The paper introduces SAE Match, a technique that produces a bijection from [sparse autoencoder (SAE) features in layer n] and [SAE features in layer n+1], with the objective of reducing the average squared distance (i.e., mean squared error (MSE)) between a feature and its target. They also introduce parameter folding, which seeks to augment SAE Match to work on features with different scales. The paper shows via experimentation on Gemma Scope SAEs that features have more similar LLM-derived interpretations if they have lower MSE, and that SAE Match with parameter folding results in more similar interpretations.

优点

  • The paper's SAE Match technique appears to work well at finding corresponding SAE features between layers, which can contribute to the goal of mapping a "feature circuit" (as in Marks et al. (2024) https://arxiv.org/pdf/2403.19647). This technique is data-free, meaning only the SAE weights are required, and not any model or SAE activations.

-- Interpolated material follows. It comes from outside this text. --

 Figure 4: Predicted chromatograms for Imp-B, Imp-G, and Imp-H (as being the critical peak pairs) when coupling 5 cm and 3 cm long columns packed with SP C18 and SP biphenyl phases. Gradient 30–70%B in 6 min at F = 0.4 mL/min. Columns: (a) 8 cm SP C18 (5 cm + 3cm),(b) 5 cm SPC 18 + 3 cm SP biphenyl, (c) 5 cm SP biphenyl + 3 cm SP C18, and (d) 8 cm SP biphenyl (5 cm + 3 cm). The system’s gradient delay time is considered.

  • The paper also provides useful empirical evidence that SAEs find features between layers that are simultaneously 1) close in the space of parameters, and 2) interpreted to have similar meaning.

缺点

  • The authors get far worse results on layers 0-9 of the model than on layers 10-25, indicating that the technique may not fully generalize. The authors claim that this is to be expected, saying "This phenomenon aligns with findings from previous research. Gurnee et al. (2023) also reported increased polysemanticity in the early layers of neural networks." This explanation is unsatisfactory because Gurnee et al. (2023) were working with LLM neurons, not SAE features. Additionally, Cunningham et al. (2023) found that earlier layers were more interpretable (see Figure 2 in https://arxiv.org/pdf/2309.08600).

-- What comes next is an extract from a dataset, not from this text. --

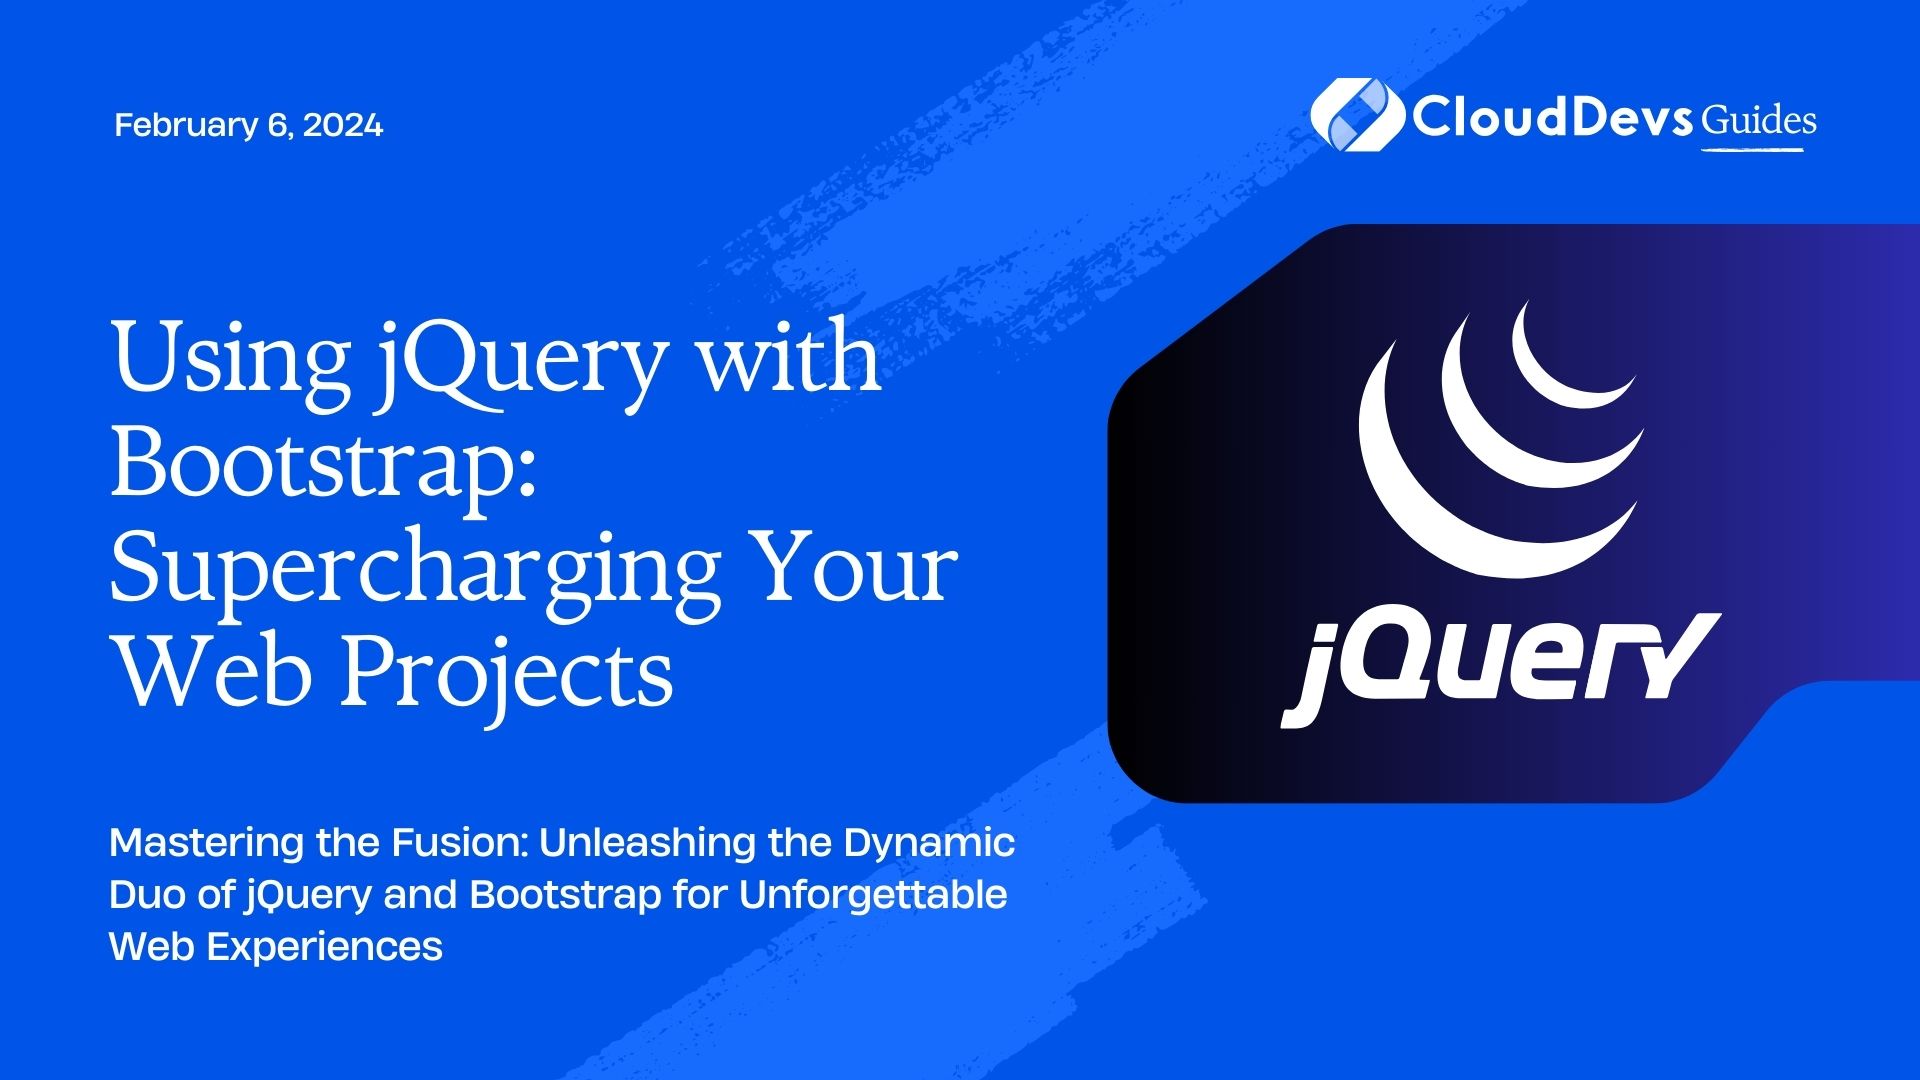 Using jQuery with Bootstrap: Supercharging Your Web Projects

  • The proposed technique of parameter folding is only defined for SAEs using the JumpReLU activation function, and it is not clear how could be adapted to over activation functions like ReLU or TopK.

问题

Questions for the authors:

  1. Parameter folding serves as a form of normalization for encoder/decoder weights (as is mentioned in lines 156-157). What happens if one instead matches feature with encoder/decoder weights normalized to be unit vectors? This would be equivalent to maximizing cosine similarity instead of minimizing MSE, as ||x-y||^2=||x||^2+||y||^2 -2 ||x||*||y||*cossim(x,y).

  2. One might expect the set of features to change across layers as the model processes information. In that case, the "correct" form for a matching might not be a bijection. Could one instead define a non-bijective "matching" via P(f)=argmin_i ||f-g_i||_2 where f is a feature in layer n, and {g_i}_i=1^k is the set of features in layer n+1? How does this compare to Feature Matching?

  3. In Section 5.4, Figure 8, the y-axis is labelled "GPT Score". What is that metric and how was it calculated? Previous metrics have been a "GPT Score" on a scale of Different/Maybe/Same, or Matching Score in a range of 0-1, but this does not appear to be either of those.

  4. In Section 5.5, it seems Layer Pruning may introduce error in two ways: 1) feature activations in layer N do not result in perfect reconstruction of the residual stream even for layer N, and 2) features in layer N do not perfectly match features in layer N+1. Did any experiment disentangle those effects? For instance, what is the \Delta L from replacing x with \hat x? This would provide useful context for the quantities shown in Figure 10.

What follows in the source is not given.